Instrumentos tradicionais

Nas rodas de samba, eles utilizam apenas instrumentos que faziam parte das apresentações do início do século passado. “A gente busca bater no couro. Não utilizar esses instrumentos trazidos a partir do final dos anos 70 pra cá. A gente gosta de tocar mesmo com tamborim, pandeiro, cavaquinho, violão, reco-reco, agogô”, exemplificou Lo Ré. Também entram na roda o surdo e a cuíca. Ele explica que banjo, tantan e repique de mão, por exemplo, foram inseridos no samba no final da década de 1980. A cantoria também é no gogó e no coro dos participantes, assim como nos primórdios do samba.
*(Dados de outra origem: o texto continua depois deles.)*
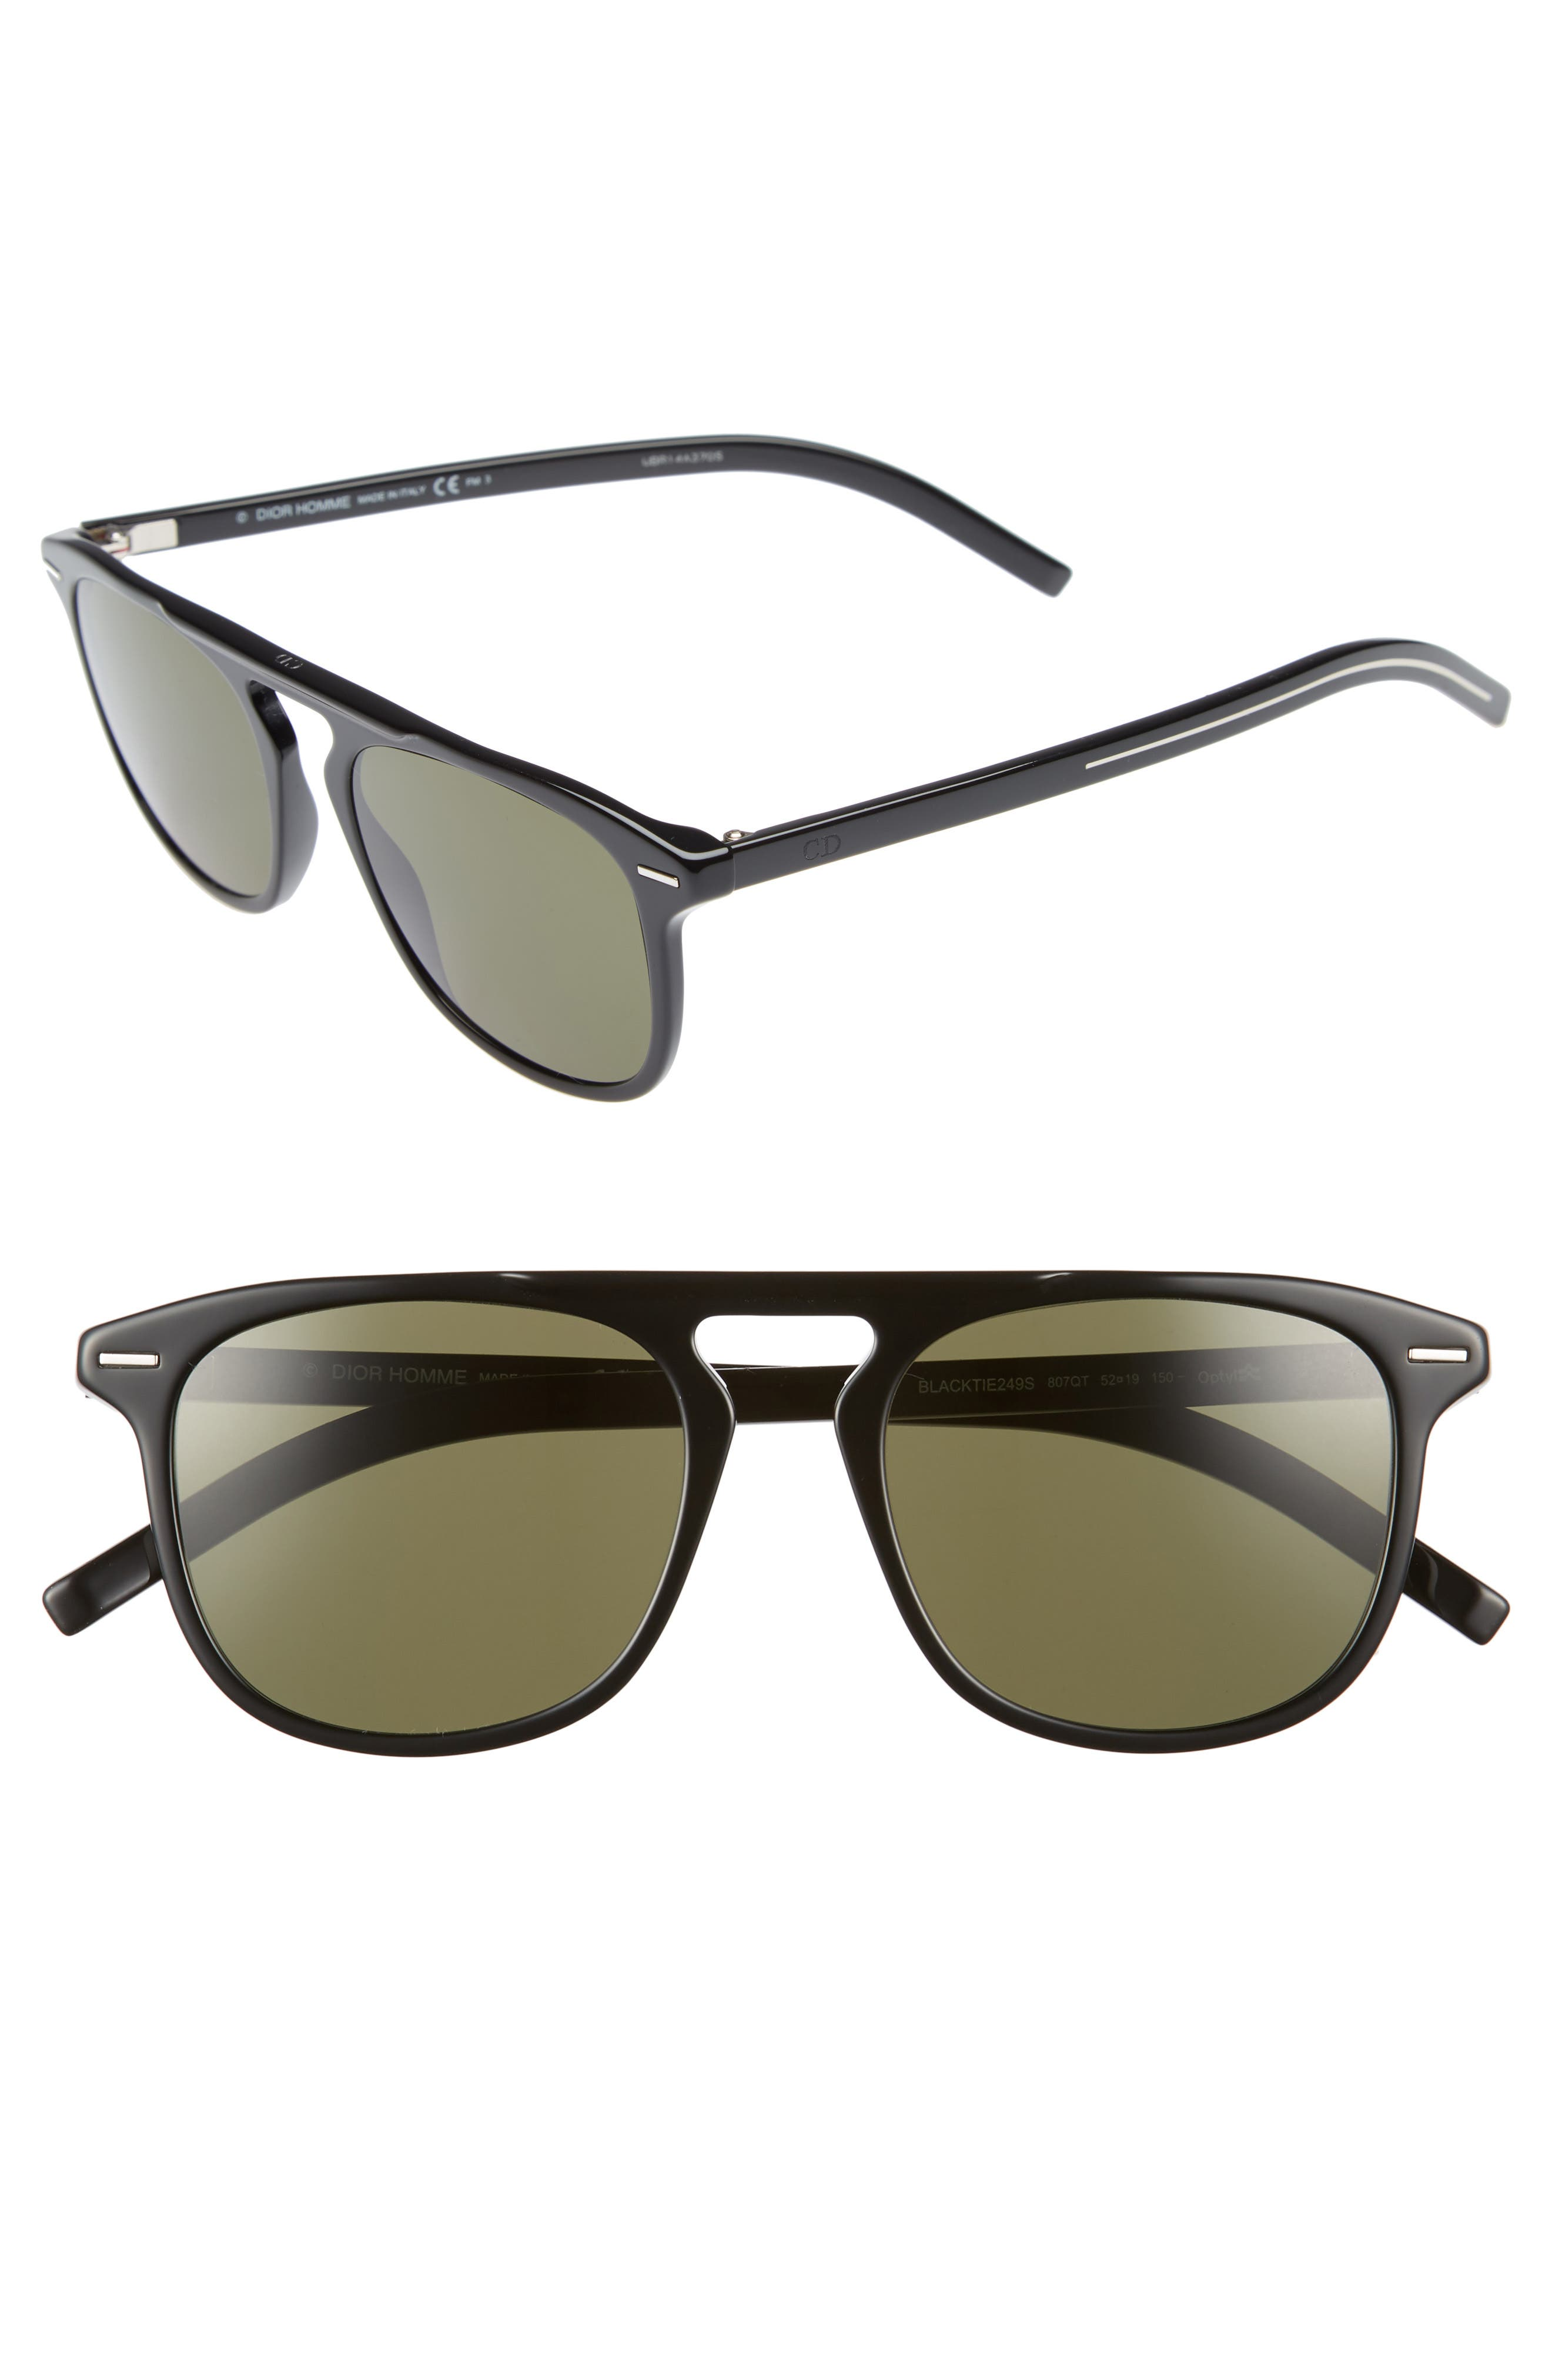 DIOR HOMME 52Mm Sunglasses - Black

Além dos instrumentos, essa “ambiência do samba antigo”, como eles se referem, se expressa também na comida, nas gírias e no modo de conversar, criando uma identidade própria. “A rapaziada que gosta desse tipo de samba, não quero que soe pretensioso, mas é tipo um estilo de vida”, afirmou Mathias. Feijoada, cozido, moela são exemplos do que é ofertado aos participantes das rodas. Tudo gratuito. “A gente também não está preso, ancorado, no passado. Eu não preciso meter essa beca de sambista das antigas, mas são valores”, reforçou o músico.

Histórias das rodas

As rodas de samba ajudam também na caçada em busca de sambas perdidos, como ocorreu em muitas histórias contadas pelos integrantes do agrupamento paulistano. Uma delas se passa em um bar carioca na comemoração de um aniversário que reuniu nomes como Iranette Barcellos, a Tia Surica da Portela, e Jarbas Soares, o Binha do Salgueiro. Logo uma roda de samba se formou. Entre os homenageados em forma de música estava o compositor portelense Manacéa, morto em 1995. Não demorou para que eles fossem surpreendidos com uma presença na mesa ao lado.

“Vocês estavam cantando um samba do Manacéa. A família dele está aqui, eu sou genro. Vocês cantaram o samba que a dona Neném mais gosta”, disse Marcos, até então, um desconhecido. A viúva do compositor, Yolanda Andrade, ouviu emocionada a música Tantas Mulheres Amei, uma declaração de amor a ela. “Eu vou fazer um almoço amanhã e queria que vocês fossem lá em casa”, convidou dona Neném. “Nasceu uma amizade que resultou numa homenagem ao Manacéa, um ano depois”, relembrou Mathias. Em 2010, o quintal dela, que já havia sido palco de ensaios da primeira formação da Velha Guarda da Portela, nas décadas de 1960 e 70, recebeu novos amantes do samba antigo.